## SUPPLIED RECORDS
============

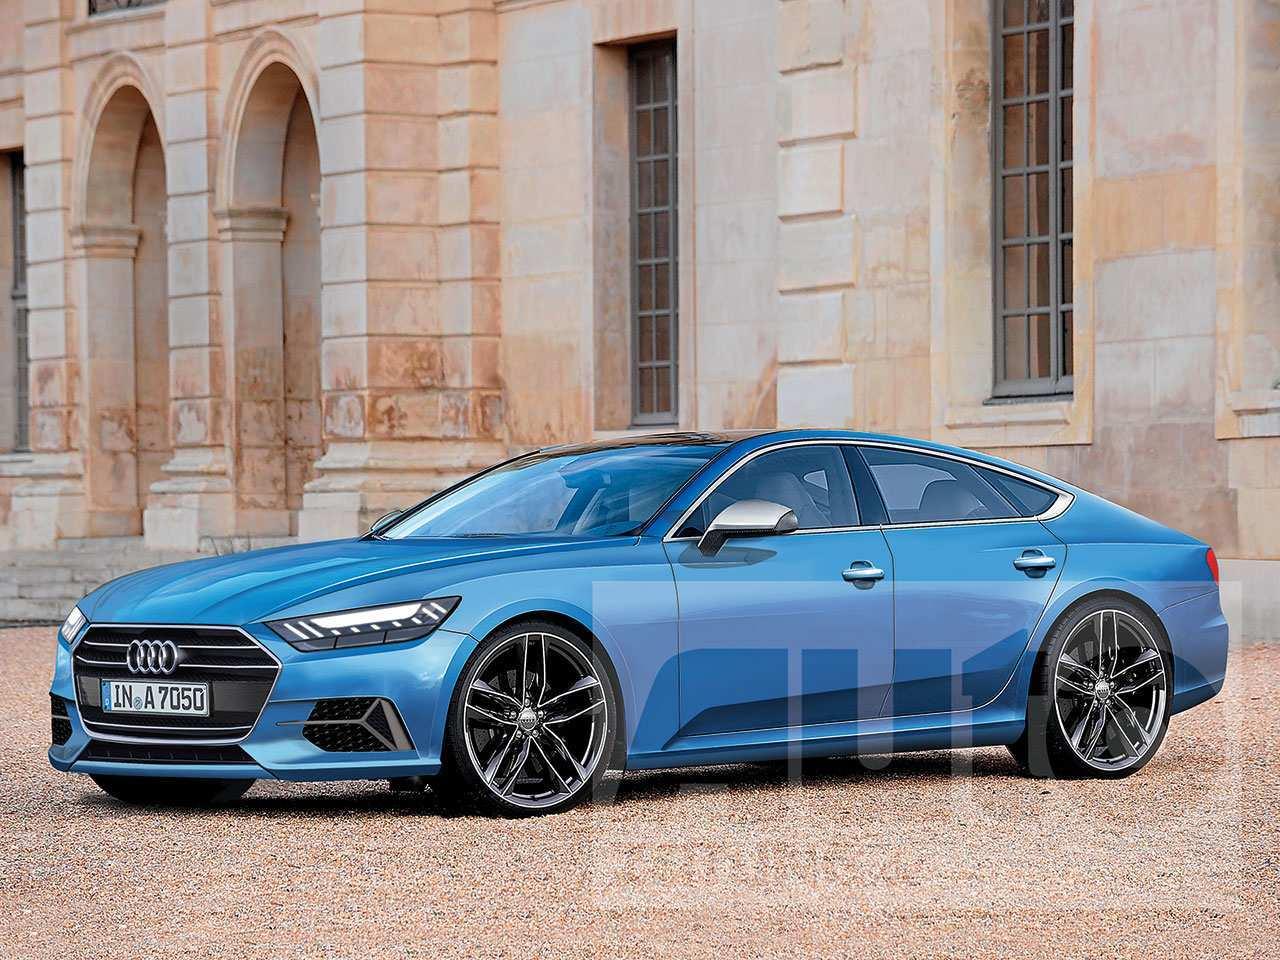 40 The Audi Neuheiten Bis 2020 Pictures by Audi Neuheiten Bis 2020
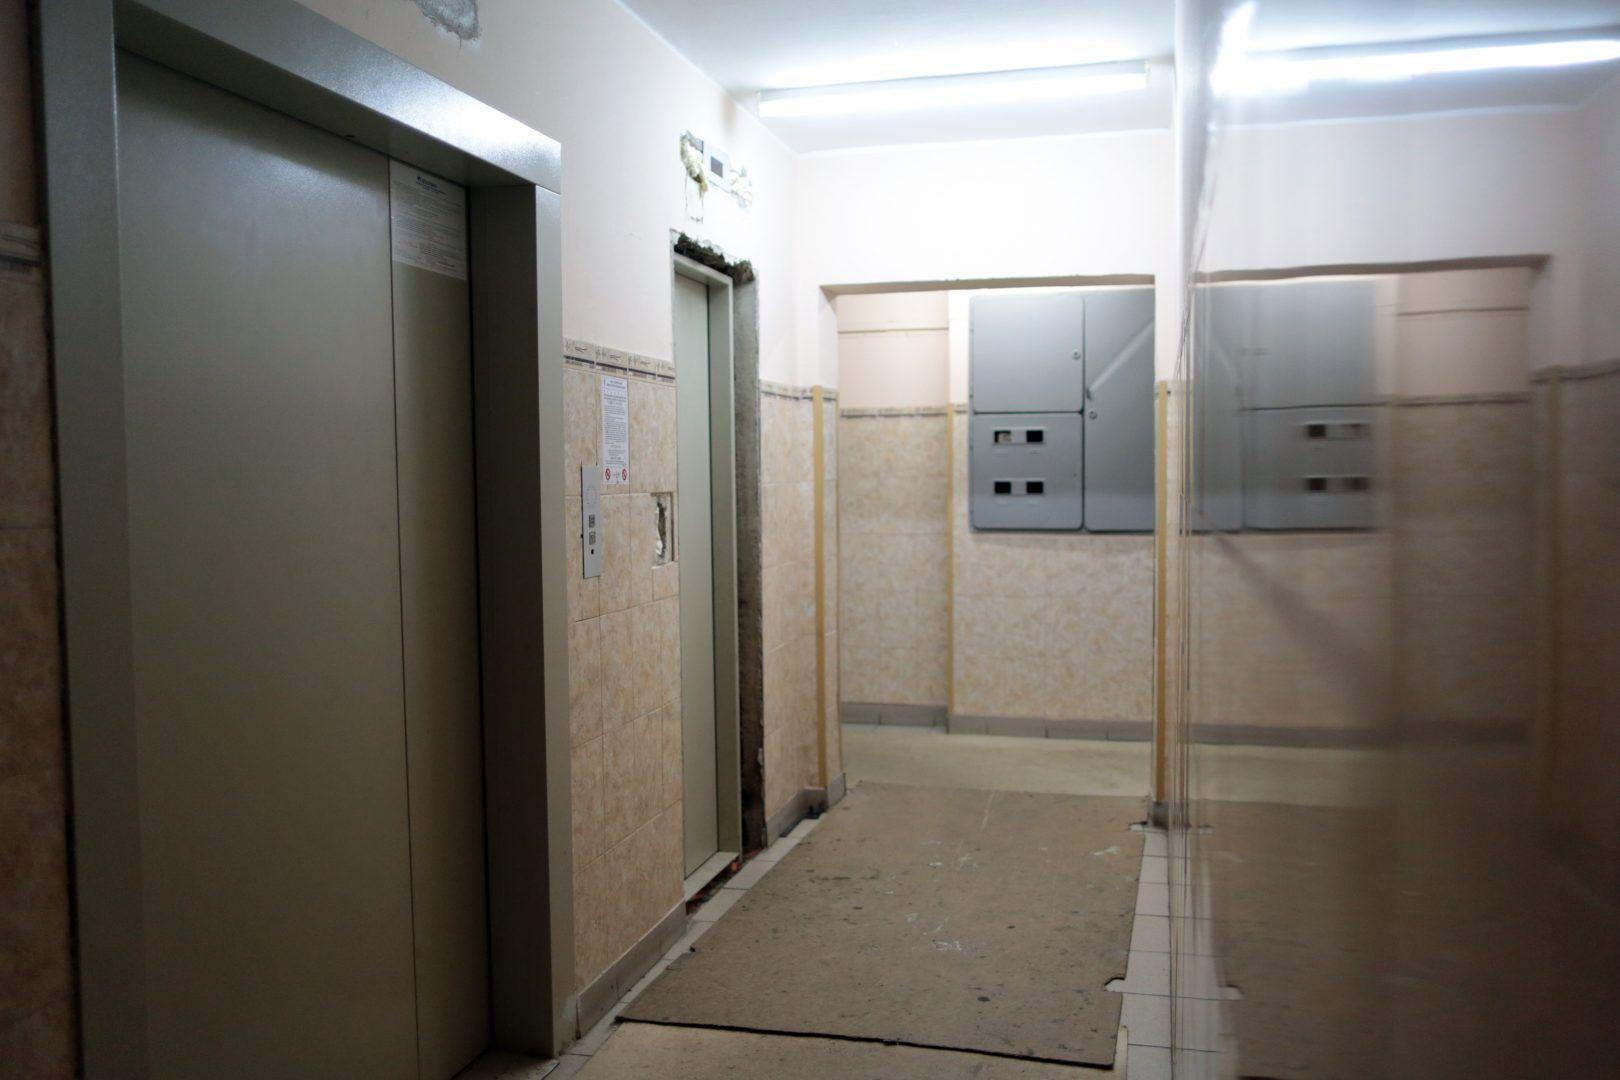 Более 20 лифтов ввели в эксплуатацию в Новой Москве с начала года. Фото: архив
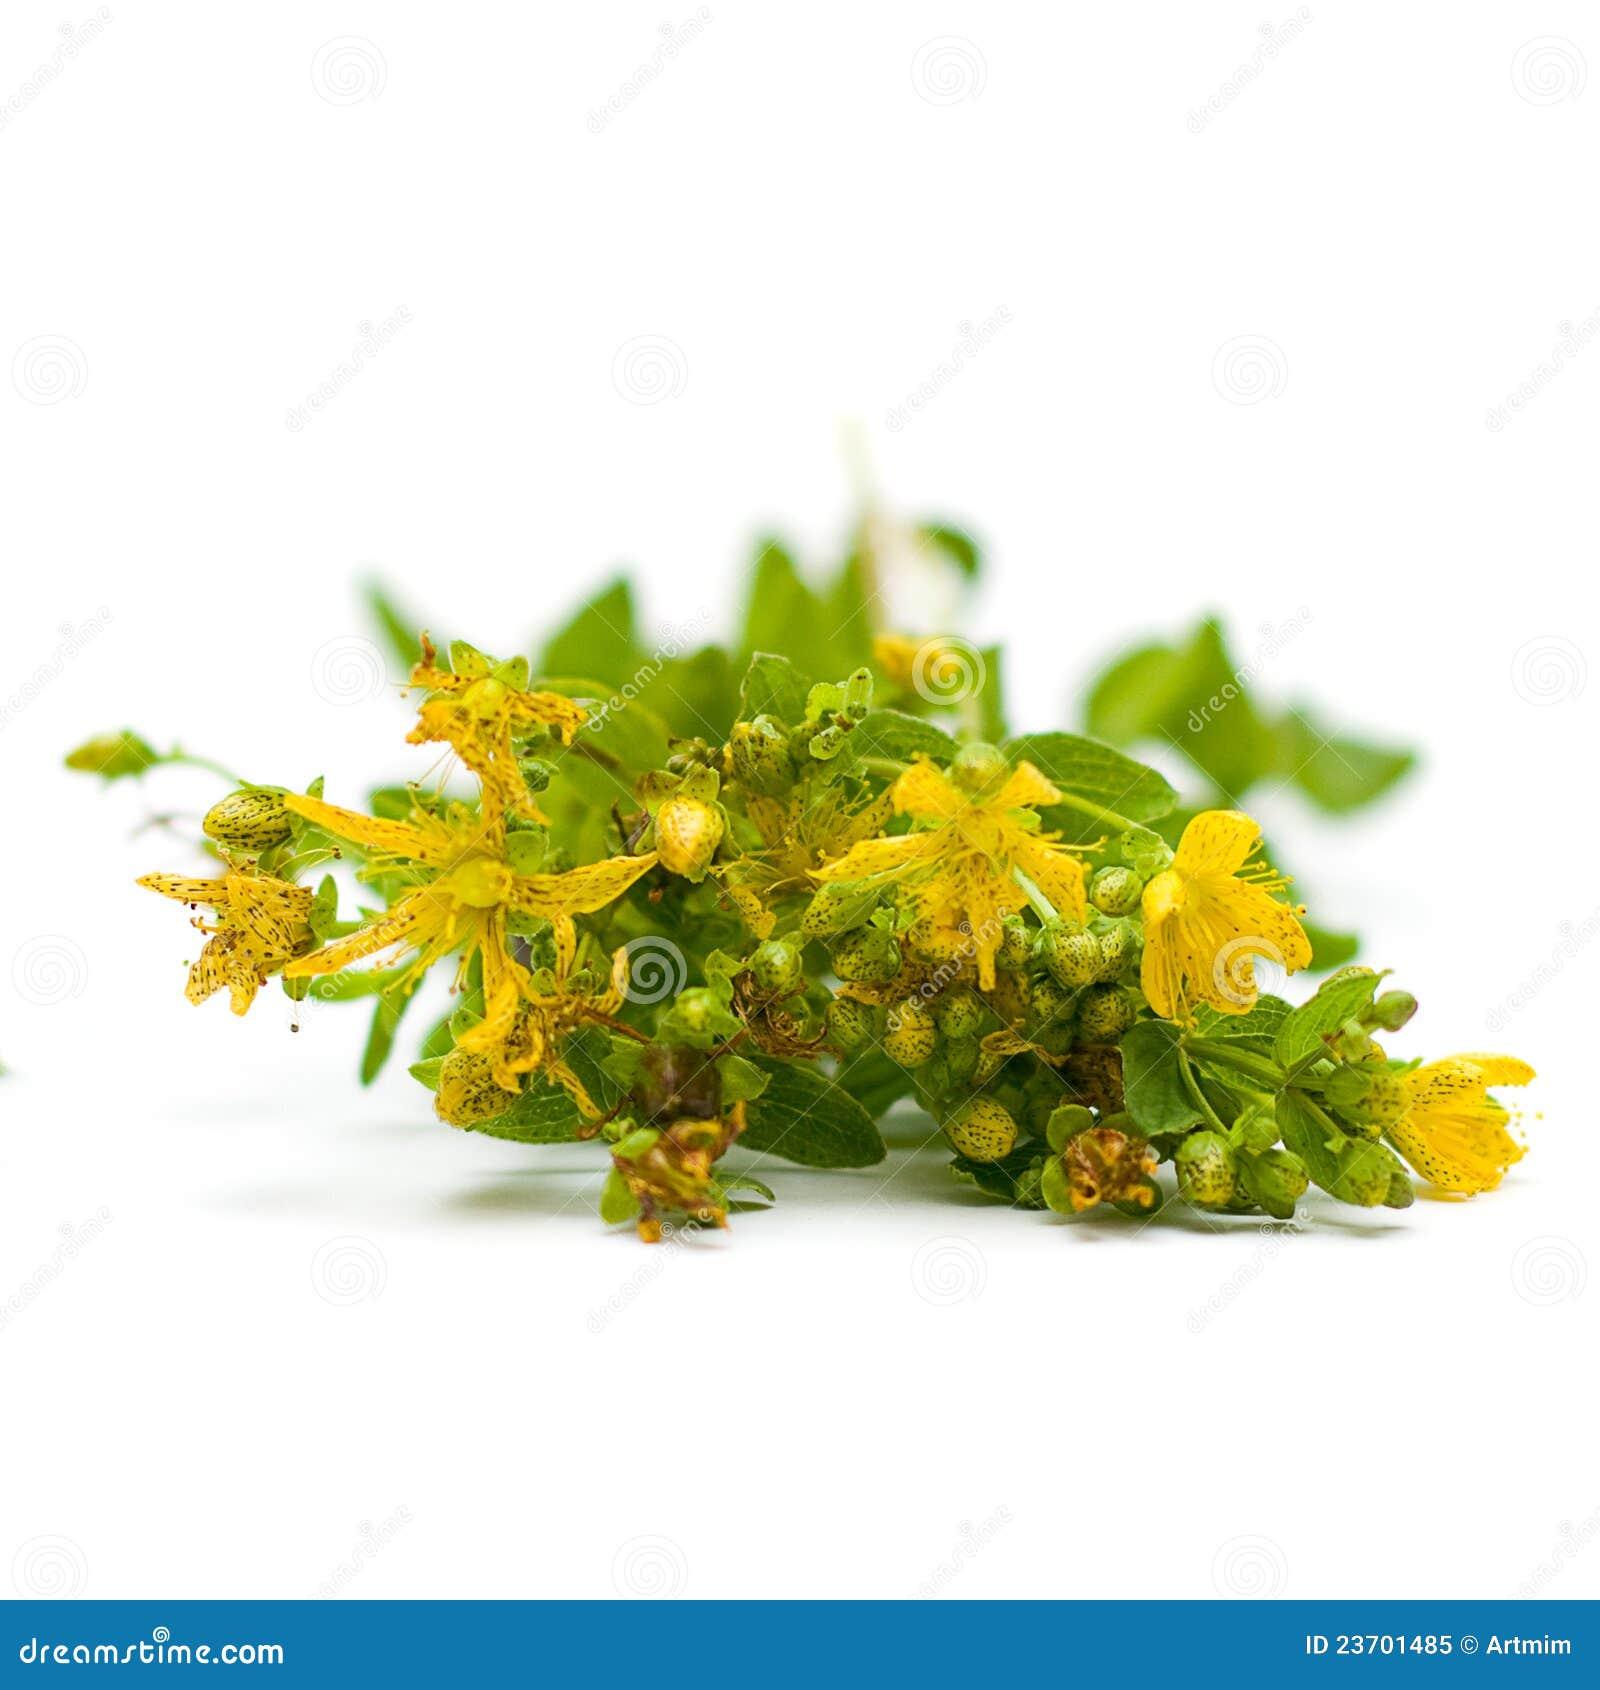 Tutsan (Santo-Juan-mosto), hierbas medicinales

============

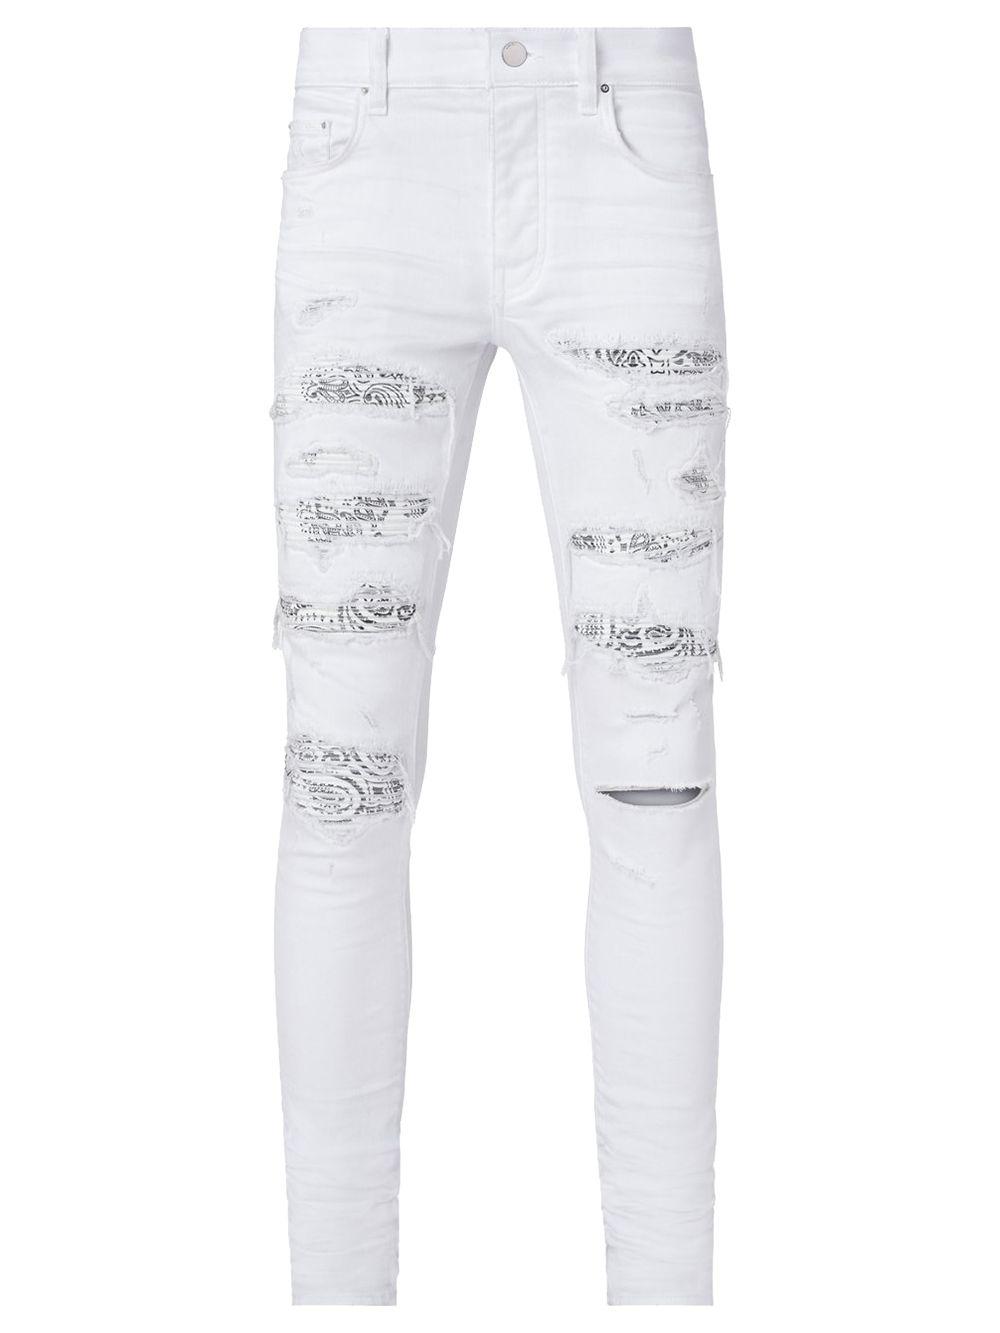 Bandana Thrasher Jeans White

============

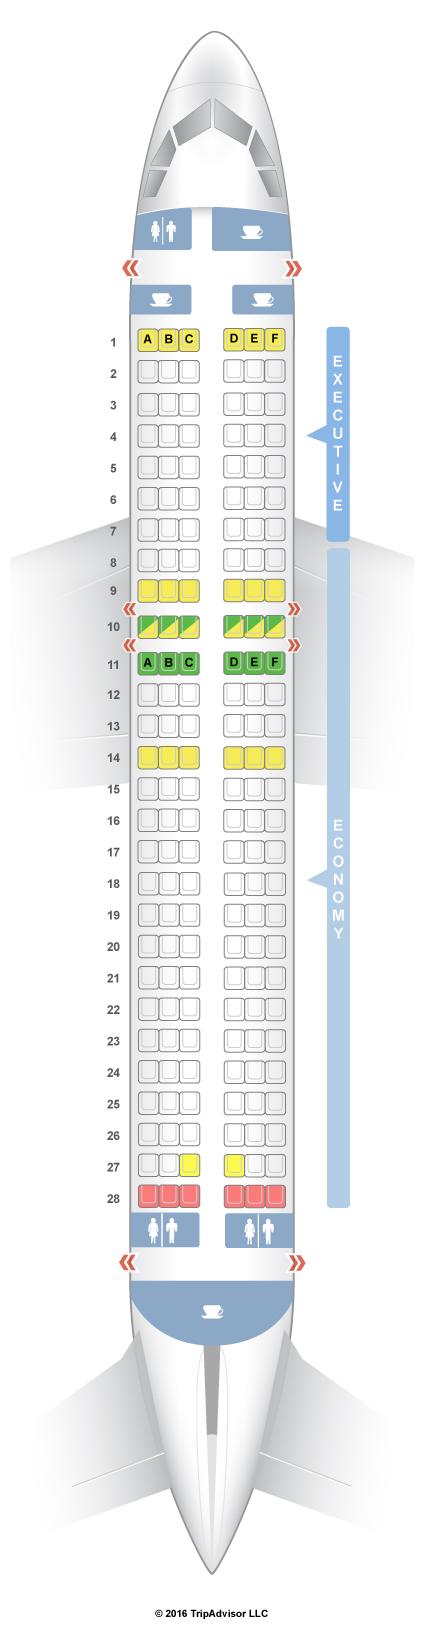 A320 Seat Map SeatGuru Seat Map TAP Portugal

============

## PROBLEM TO WORK ON
Give back exactly the lines above that run from the one with "Более 20 лифтов" to the one with "Tutsan (Santo-Juan-mosto), hierbas", including both, with the pictures left out.

## EXERCISE ANSWER
 Более 20 лифтов ввели в эксплуатацию в Новой Москве с начала года. Фото: архив
 Tutsan (Santo-Juan-mosto), hierbas medicinales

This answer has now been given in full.